Property catastrophe rates are expected to decline at year-end, but a number of factors will keep underwriting discipline, Brian Schneider, Senior Director at Fitch Ratings noted at RVS 2025 in Monaco, with Manuel Arrivé, CFA, Director, suggesting that it’s likely reinsurers could participate lower down on programmes to meet demand from cedents.
In his comments, Schneider noted the softening that the market is starting to experience and stated that companies are trying to keep away from that softening area, and have become more demanding as to what the returns should be.
“It feels like a different market,” said Schneider. “I think investors have better, higher expectations as to what return should be. We’re not seeing the ILS market push the overall market down, like maybe we would have seen in the last soft market. And we see that investors in the ILS space are demanding better returns for their risk.
“They have understood that risk is increasing, so they’re going to demand returns for their risk. Therefore, I think that those types of things will help to keep things disciplined.”
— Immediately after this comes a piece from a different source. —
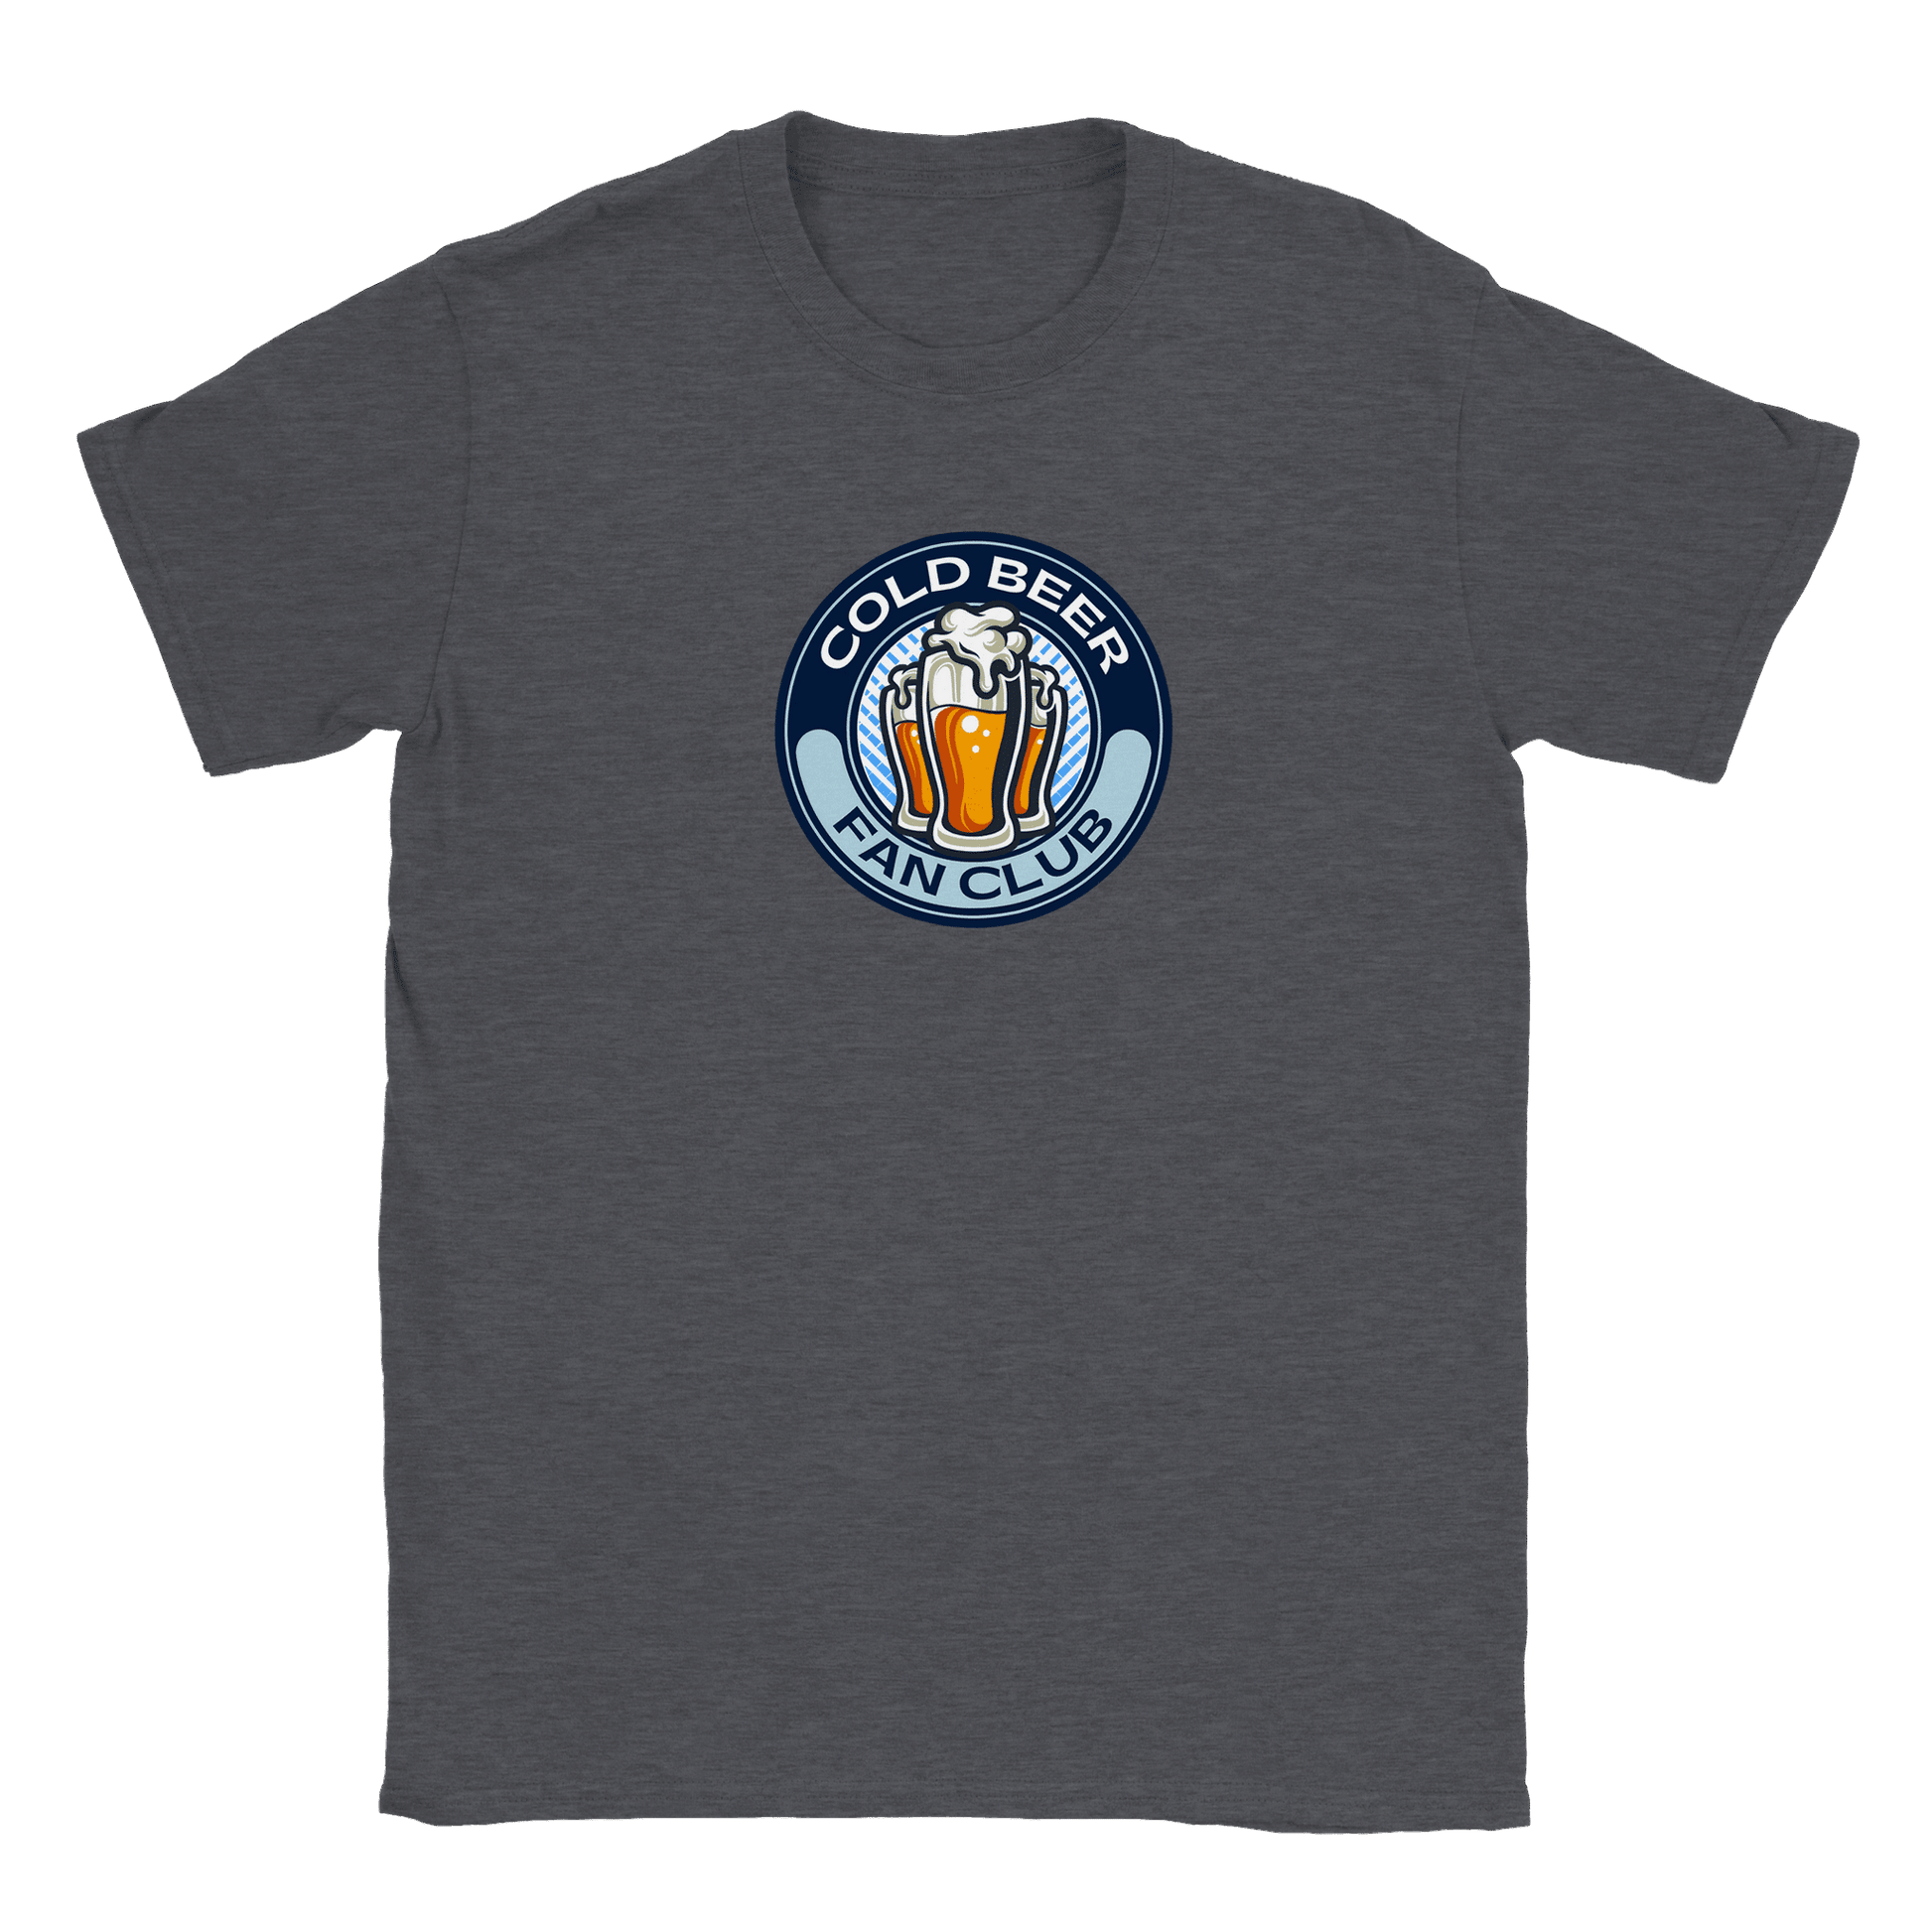 Cold Beer Fan Club - T-shirt Mörk Ljung

He added: “And then on the casualty side, certainly some of the issues that we see around – like social inflation, some of the nuclear verdicts and litigation funding. I think factors like these keep a lot of pressure on the underwriters to be disciplined in the casualty market.”

According to Arrivé, underwriting discipline is going to be one of the key themes going forward.
He said: “I would say that reinsurers are going to loosen the standards. They are starting from a very high point and they are still looking to grow. As mentioned before, growth is going to be difficult.
“There is also demand from cedents to insure higher frequency, and manage earnings volatility, which if they want to grow, they will have to loosen some of the terms and conditions.”
Arrivé concluded: “So, we will be surprised if there is not a lowering in attachment points on property cat going forward.”